Saturday, February 18, 2017

A Muddy Servant's Heart & A Mother's Answered Prayer

It is with great joy that I record the answered prayer of last Saturday's serving opportunity.
I had invited several ladies to come and sew for the day.  (We are making sanitary pads to send overseas.) One of the ladies is raising her 14-year-old grandson,  due to the instability of his parents--both of whom are not even living in the state. The teen has had some serious struggles in his young life. I found out Saturday morning that J.T. would be coming with his grandmother for the day.
I spent Saturday morning cleaning the house and getting ready for company. When Ben awoke, I approached him about the opportunity of taking the teenager with him on his errands and out to the farm. Knowing that Ben wouldn't be enthusiastic about having a younger boy tag along, I tried to impress on him that thought that this 14-year-old boy would be stuck in the house with 6 grandmas all day sewing sanitary pads--and to think how he'd feel in the same situation! I told Ben that it was his choice, but it would mean so much to me if he would consider ministering to him.
Early Saturday morning, I made a quick trip to the grocery store to pick up toilet paper and pie shells--for the chicken pot pie. All the way there and back, I was reminded of an encounter I had with an Iranian substitute at school Friday--who is a Christian. Mrs. Kazerounian was telling me how she was learning to PRAY in faith, claiming the power of God in what she was asking of Him.  So with that in mind, I decided to try to pray in faith that Ben would take J.T.
Praying in faith.  I know this might sound strange, as I have been a Christian for nearly 40 years, but when I think of claiming scripture and praying in faith that God would do what I ask, I feel like "Who am I to demand God answer my prayer?" It feels proud and presumptuous.
But I decided to try, even though I was a bit nervous the whole time.
I started praying God would move in Ben's heart to take J.T. out for the day. I tried to think of scriptures I could claim. I told God that I had raised Ben with the knowledge of service and He promised that if we raise our children up in the way they should go, it will not depart from them. I told God I knew He had a very special place in His heart for widows and orphans, and that J.T. could be considered an orphan, since his parents had both failed him. And whatever was done to the least of these, my brethren, it was being done for God. And I knew that Ben taking J.T. out for the day was something that lined up with His will and would bring Him good pleasure, so to please work in Ben's heart to make it so.
Ben was gone running errands when all of the ladies arrived to sew around 10:00 am. But before the day was done, Ben came back home, took J.T. out to the farm, gave him some boots to wear, and took him riding on the 4-wheelers in the mud. J.T. came back all muddy and happy.

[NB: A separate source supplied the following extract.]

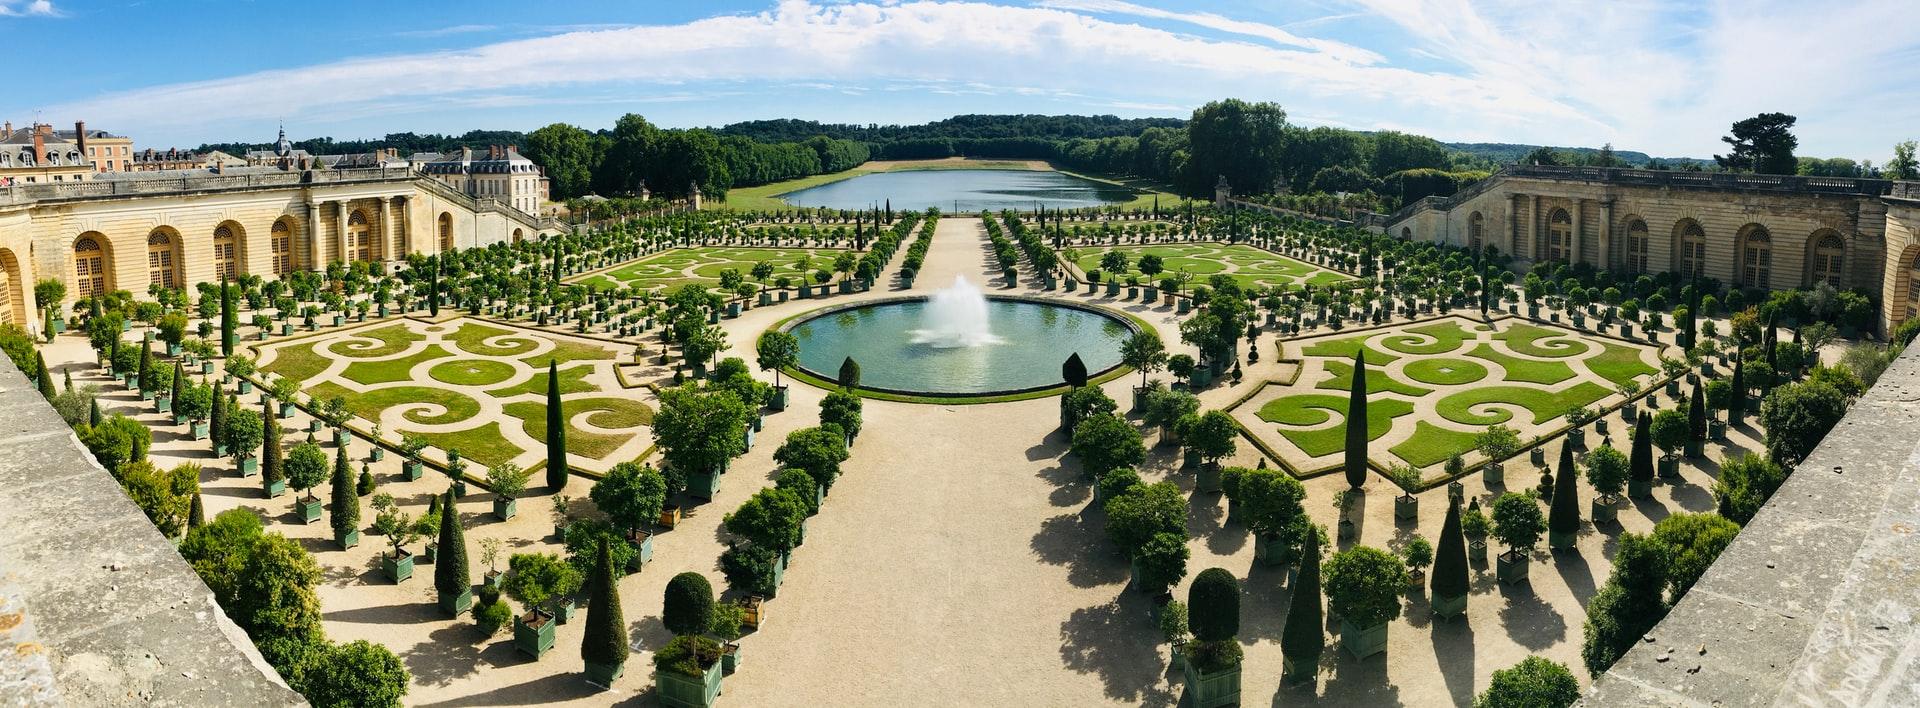 Le magnifique programme estival du Château de Versailles

This mama's heart was filled with pride and joy. I feel like it is more important for Ben to take a younger man under his wing for the day than to make an A on a test.
And God answered my demanding prayer. Amen.

Image: by David Blaikie No Muddy Boots In The Pub  https://c2.staticflickr.com/4/3239/2350180402_de44fca70c_z.jpg?zz=1 

Wednesday, February 8, 2017

Jesus Never Fails

I heard this song in the car on the way to work yesterday. Ahhhh.... Brought me to tears.  I love the fact that even when I may feel all yucky and unstable on the inside, my hope doesn't depend on my own perspective. Jesus Never Fails.

Sunday, February 5, 2017

The Dark Side

I've heard it said that in current society, social media portrays a skewed sense of reality.  People only post what they want you to think about themselves.
So tonight I'm posting the Dark Side. It has been a melancholy day and I'm ending it with a Chromebook in my lap and a glass of amaretto sour. I don't typically drink alcohol, but am so wanting to have a good cry . . . perhaps it may help.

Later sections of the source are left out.